L’investissement privé, qu’il soit celui des entreprises ou des ménages, va être la première victime de cette incertitude. Or, sans investissement, il n’y aura pas de véritable reprise en 2021 et 2022. On doit donc, pour envisager la trajectoire de l’économie française dans les prochaines années, formuler plusieurs hypothèses.
-
Une hypothèse « optimiste » où les prévisions du FMI seraient simplement décalées de 2% du fait du 2ème confinement, et où la reprise suivrait la trajectoire estimée au mois d’octobre 2020.
-
Une hypothèse conservant une estimation modérée de l’impact du 2ème confinement, mais incluant l’effet de l’incertitude engendré par ce 2ème confinement sur le rythme du retour à la normale.
-
Une hypothèse « pessimiste » où les prévisions du FMI seraient cette fois décalées de 4% du fait d’un 2ème confinement plus long, et où la reprise suivrait la trajectoire estimée au mois d’octobre 2020.
-
Une hypothèse avec cette estimation de l’impact du 2ème confinement à 4%, et incluant de plus l’effet de l’incertitude engendré par ce 2ème confinement sur le rythme du retour à la normale.
-
Une hypothèse très pessimiste incluant l’effet d’un éventuel 3ème confinement et d’une stagnation de l’économie en 2021, puis y ajoutant les effets d’une grande incertitude sur le rythme de retour à la normale.

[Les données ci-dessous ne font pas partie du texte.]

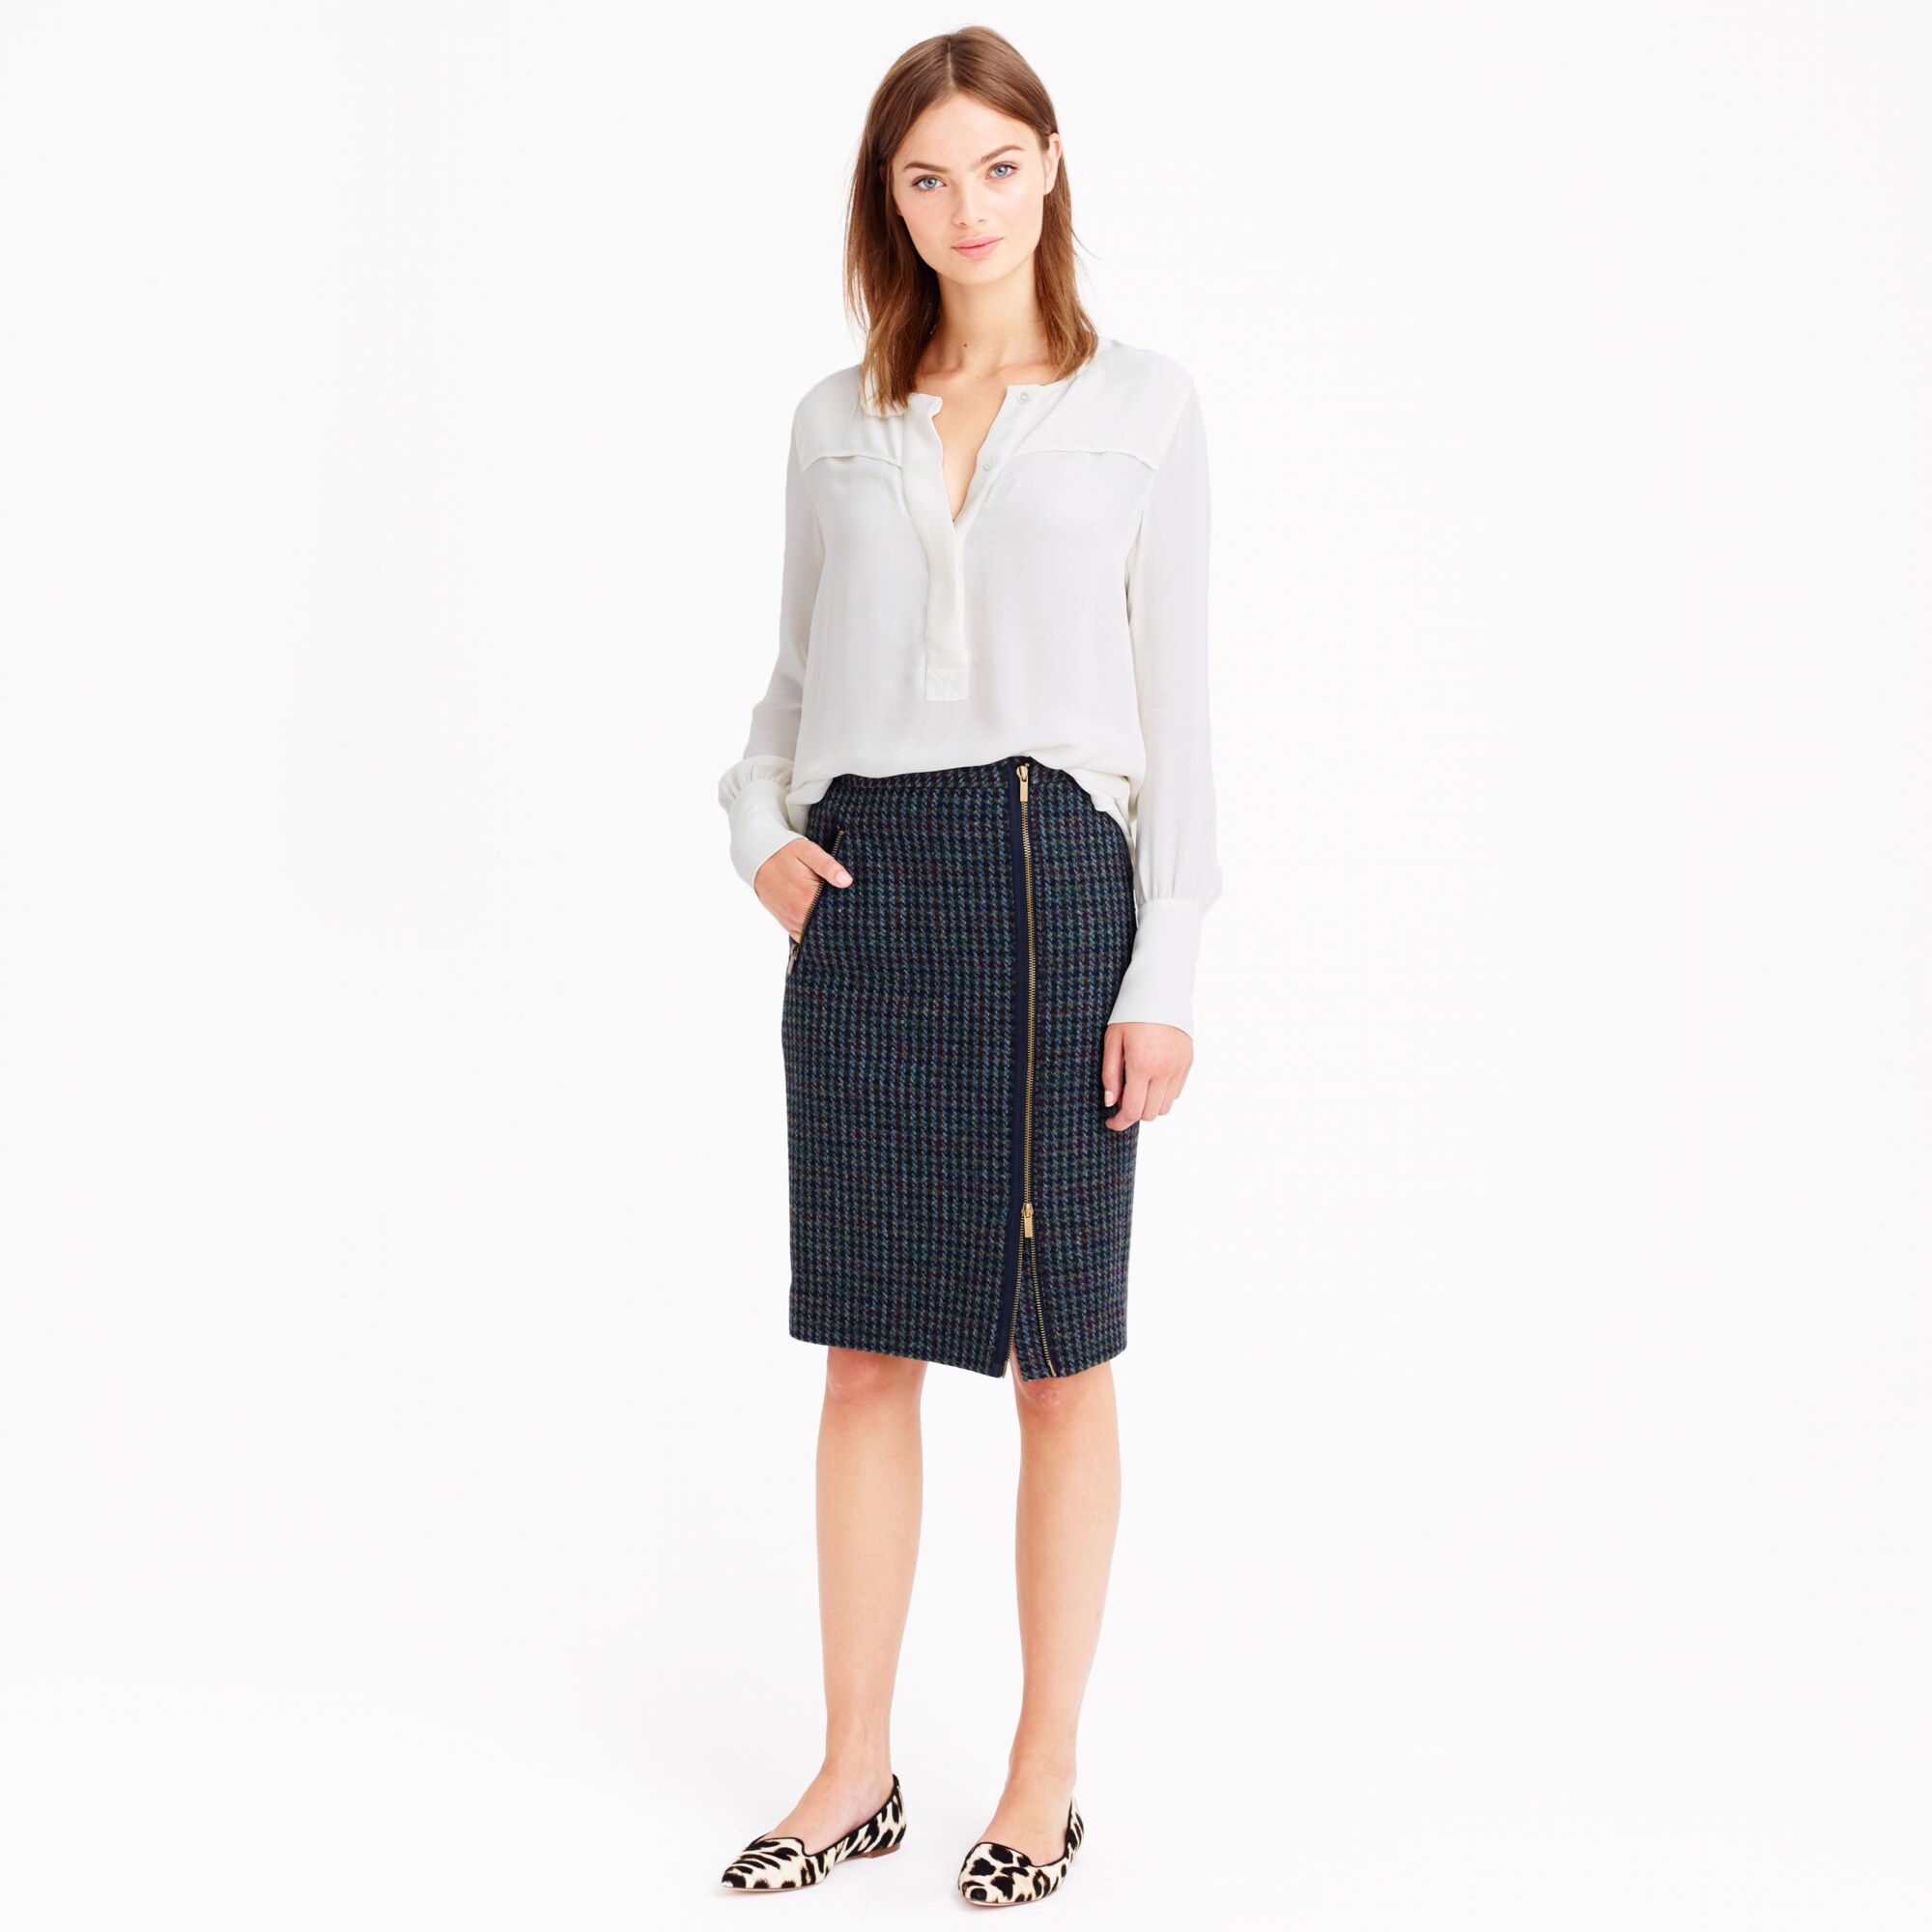 J.Crew: Asymmetrical zip pencil skirt in houndstooth

Ces différentes hypothèses sont représentées sur le graphique 4, où la prévision initiale du FMI (qualifiée d’hypothèse « 0 ») sert alors de base pour mesurer l’effet additionnel du 2ème confinement.
Graphique 4
Source : FMI et CEMI – Centre Robert de Sorbon
La première hypothèse peut être qualifiée d’optimiste. Elle repose, implicitement sur l’idée que le 2ème confinement ne durerait qu’un mois et qu’un vaccin efficace (ou un traitement faisant l’unanimité) apparaîtrait vers la fin du printemps 2021.
Elle apparaît aujourd’hui comme faiblement réaliste. La seconde hypothèse, qui inclut l’impact de l’incertitude due à des réponses médicales d’une efficacité très modérée, aboutit au même résultat que la troisième hypothèse, qui diffère uniquement de la première par la durée du confinement. L’économie française n’aurait pas retrouvé en 2024 son niveau de 2019.
La 4ème hypothèse, qui inclut, elle aussi, l’impact de l’incertitude aggrave le précédent résultat. L’économie française, en 2024, est loin de retrouver le niveau de 2019, et se situe entre celui de 2017 et de 2018. L’impact peut être mesuré en considérant que, économiquement, nous serions en 2024 renvoyés au moins 6 ans en arrière.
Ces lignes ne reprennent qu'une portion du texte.